You can download trained models: QReCC+CoQA, CANARD+CoQA, QReCC+QuAC, CANARD+QuAC.

  1. To evaluate the trained model, run:
sh eval_ppo.sh
  1. If you want to evaluate models using the metrics reported in the leaderboards, run:
python src/modules/convqa_evaluator.py --data coqa --pred-file <path to the model folder>/predictions_test.json --data-file data/coqa/coqa-dev-v1.0.json --out-file <path to the model folder>/all_test_results.txt
python src/modules/convqa_evaluator.py --data quac --pred-file <path to the model folder>/predictions_test.json --data-file data/quac/val-v0.2.json --out-file <path to the model folder>/all_test_results.txt
  1. We also support the REINFORCE algorithm to train the QR model. You can run:
sh run_reinforce.sh

Note that you can evaluate trained models by simply modifying the path to the models of eval_ppo.sh even if the QR model is trained with REINFORCE.

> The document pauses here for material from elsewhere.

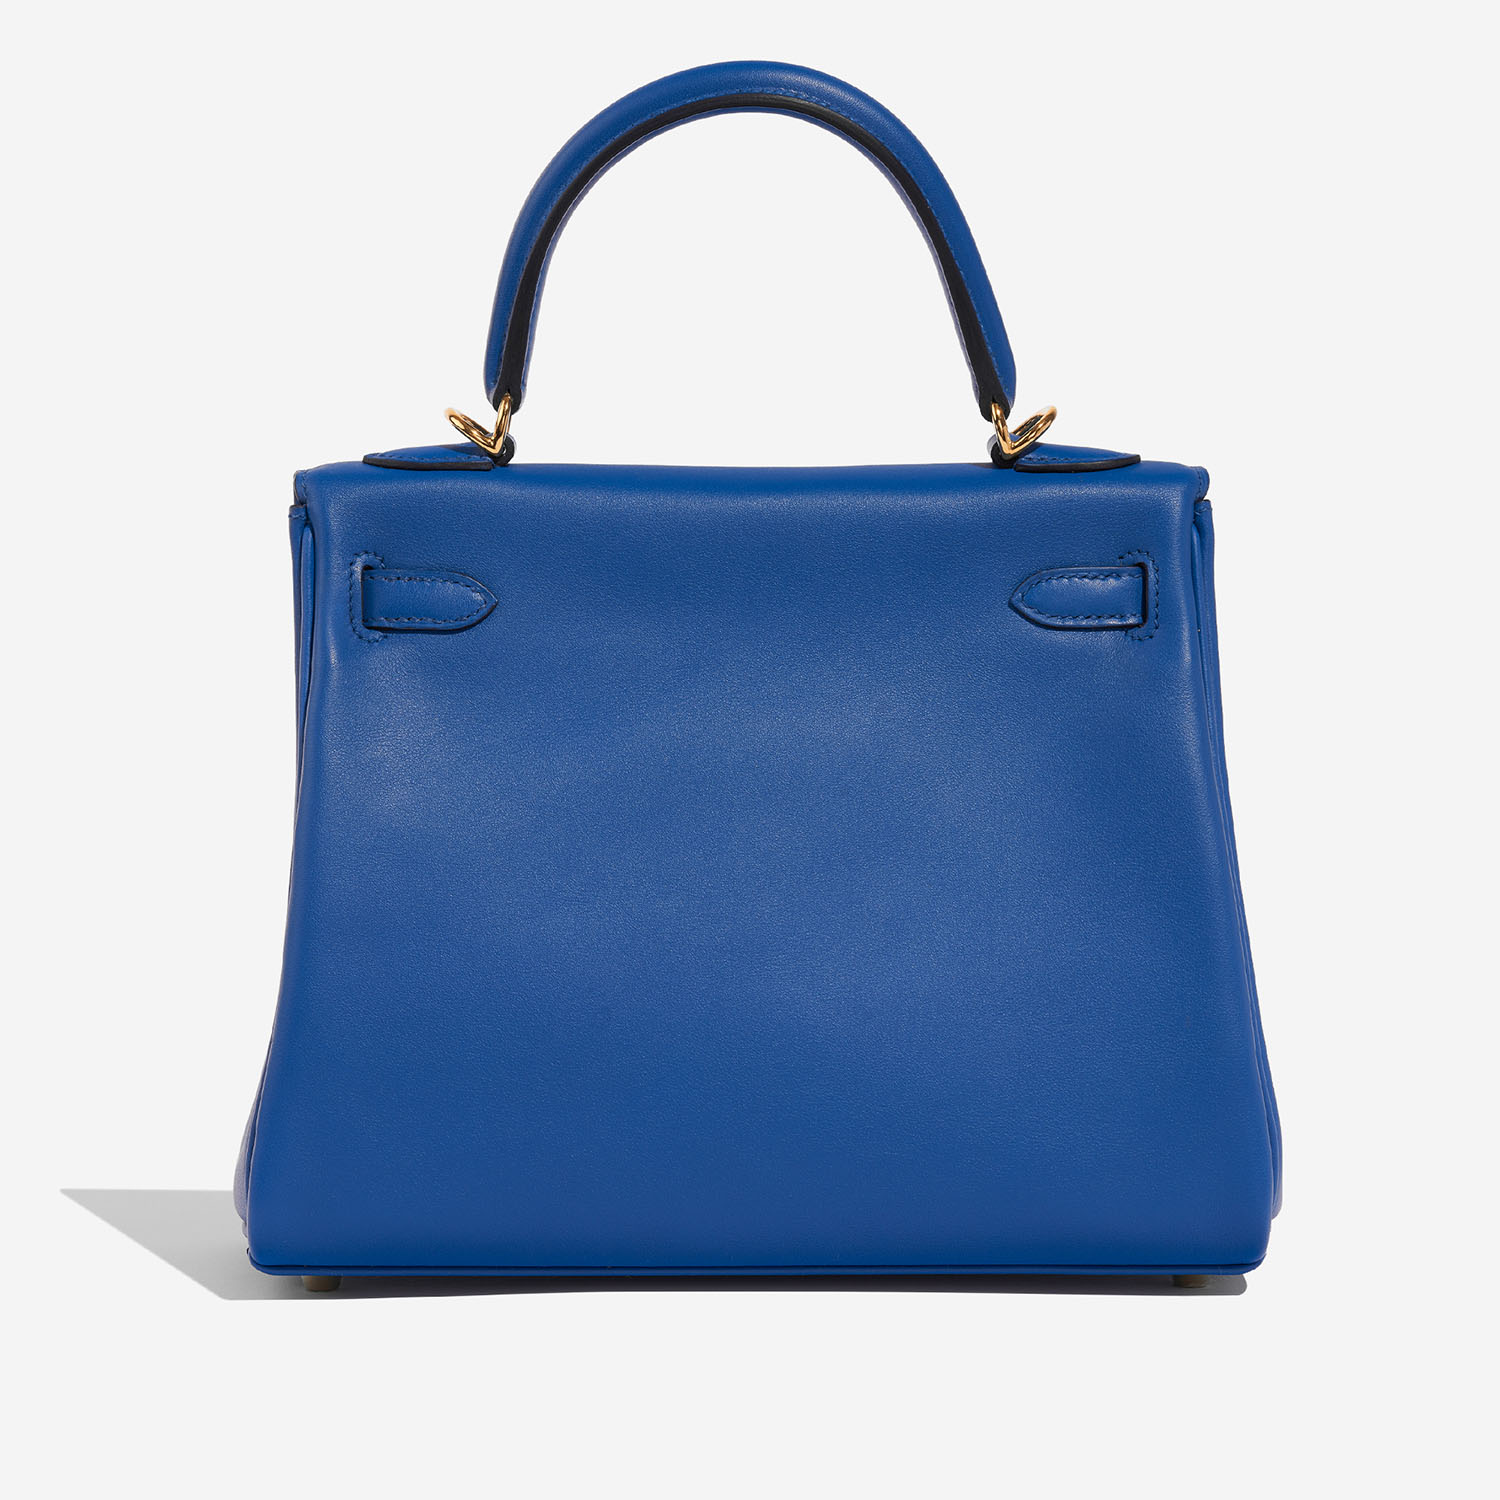 Hermès Kelly 25 BleuFrance Back  | Sell your designer bag on Saclab.com

Supervised learning approach to integrate QR in conversational QA

We evaluate with a simple supervised learning approach using rewrites provided by CANARD. You can download the QuAC subset that has the CANARD annotations here.

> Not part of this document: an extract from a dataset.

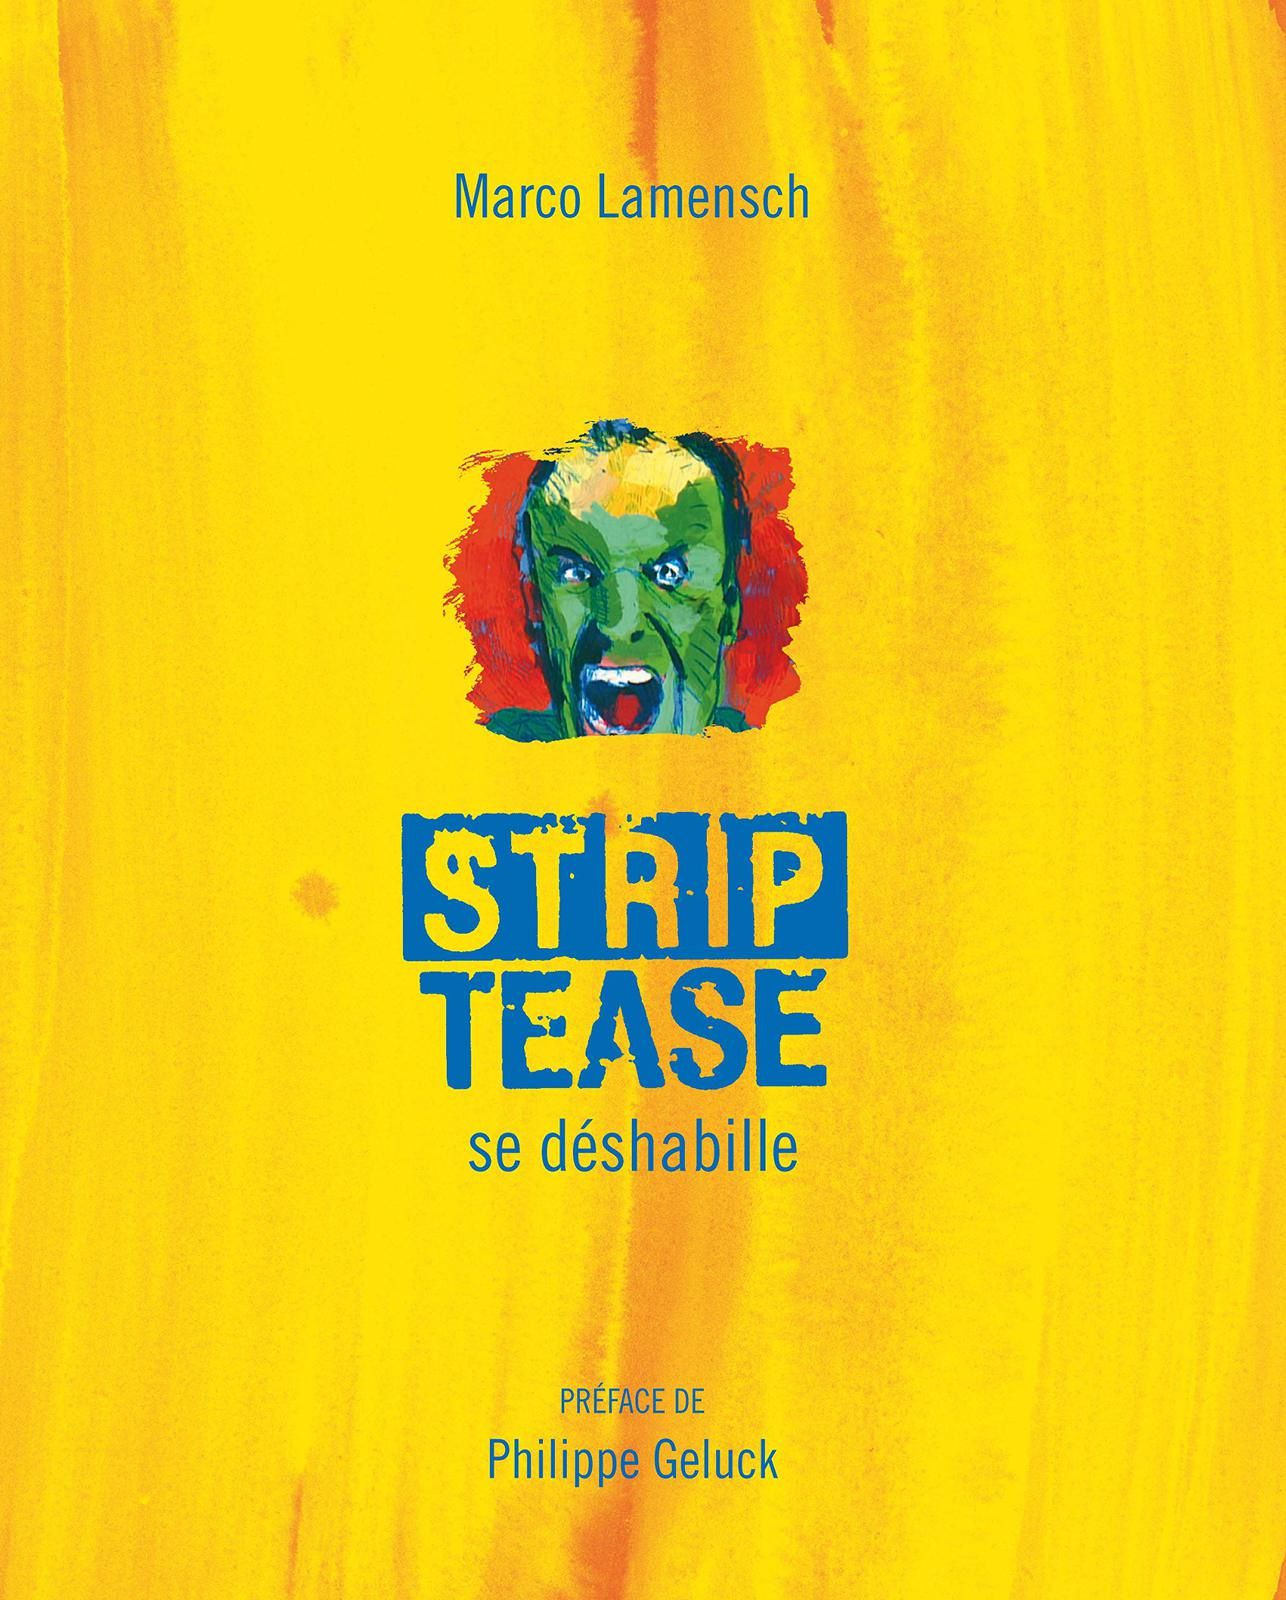 Les coulisses de l'émission culte Strip-Tease racontées dans un livre par Marco Lamensch.

  1. To evaluate the CANARD annotations with the QA model trained on QuAC, simply change the path to datasets in src/data_utils/quac.py and run:
sh eval_convqa.sh
  1. To train another QA model with the CANARD annotations, change the path to datasets in src/data_utils/quac.py in the same way as above, run:
sh run_quac.sh

Data augmentation approach to integrate QR in conversational QA

First, we generate 10 possible rewrites using top-k sampling for all the questions of the CQA datasets. To guarantee the quality of the rewrites, we select the best F1 scoring ones from every 10 candidates and use them to teach another QR model how to reformulate questions.

  1. To generate annotations, run:
sh run_augmentation.sh
  1. Then, train a QR model with run_qrewrite.py (refer to run_qrewrite.sh) by changing the path to datasets.